Keywords : Irregular Menstruation, Leiomyoma, Pelvic Examination, Urinary Retention, Vaginal Neoplasms.

Fibroids represent the most common benign pelvic tumor and are mainly uterine in origin. Rarely, ectopic locations of fibroid have been reported in the literature like ovaries, urethra, bladder, peritoneum and vulva [1]. Vaginal leiomyoma is a very rare benign tumor with only few cases being reported so far. The first case was reported by Denys De Leyden in 1773 [2]. Its variable appearances and presentations lead to a diagnostic challenge which is sought only after histological confirmation. 

Case Report

A 40-year-old female, parity 4 living 4, reported to the casualty with complaints of frequent menses since 3 years and urinary retention for 2 days. On further probing, she gave history of a prolapsing mass 5 years back. She reposited the mass back inside once after which it never came out.
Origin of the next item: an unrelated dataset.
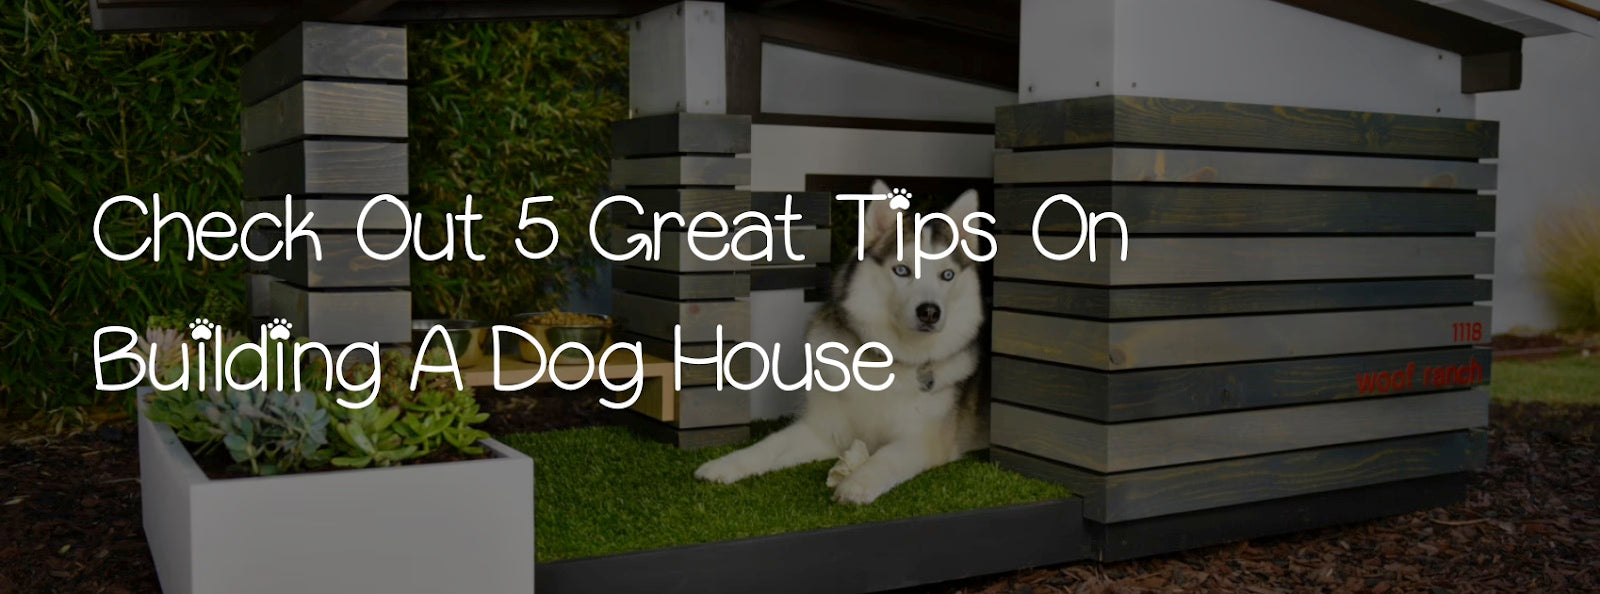 CHECK OUT 5 GREAT TIPS ON BUILDING A DOG HOUSE

The patient was relieved of urinary retention after Foleys catheterization. 
On examination, she was obese with BMI 31.2 kg/m2 and vitally stable. On per abdominal examination, the abdomen was pendulous, soft and non-tender with no lump palpable. On local examination, a bulge of around 8×6 cm was present over left sided labia majora. On per speculum examination, the vagina was entirely filled by a mass whose origin could not be defined. However, the cervix could not be visualised. On per vaginal examination, a mass of around 10×6 cm arising from the left lateral vaginal wall was felt. The upper margin was well demarcated with base being 1 cm from the introitus. It was smooth surfaced, firm in consistency, slightly mobile, non-tender and occupying left as well as posterior fornices. The cervix was felt with difficulty which was firm in consistency and displaced towards the right side. The uterus and bilateral adnexa were normal. The rectal mucosa was free but same mass was felt on per rectal examination. All the blood investigations were normal. On trans-abdominopelvic ultrasonography, heterogenous hypoechoic mass of 12.6×6.2 cm filling the vagina and abutting the posterior wall of urinary bladder was seen. However, no invasion into the bladder was noted. Uterus was normal in size with endometrial thickness of 9 mm and rest of the organs were normal [Fig.1]

The differential diagnosis after this scenario were myofibroblastoma, angiomyofibroblastoma, angiomyxoma, liposarcoma or vaginal malignancy.  Decision for surgical excision was taken for symptomatic relief and to rule out malignancy. Enucleation of the vaginal mass was done through vaginal route under regional anaesthesia and sent for histopathological examination [Fig.2]. Gross examination revealed a 12×6×5 cm well-defined, reddish-tan and smooth surface solid mass with no degenerative or necrotic changes in it [Fig.3]. Cut-section depicted grey-white homogenous solid mass with whorled pattern [Fig.4]. Microscopically, well-circumscribed mass was composed of intersecting and interlacing fascicles of smooth muscle fibres arranged in whorled pattern [Fig.5]. These findings were consistent with the diagnosis of vaginal leiomyoma. Post-operative period was uneventful and patient was discharged on post-operative day 3. During 6 months of follow-up following surgery, patient has been asymptomatic throughout and her menstrual cycles were regular and normal.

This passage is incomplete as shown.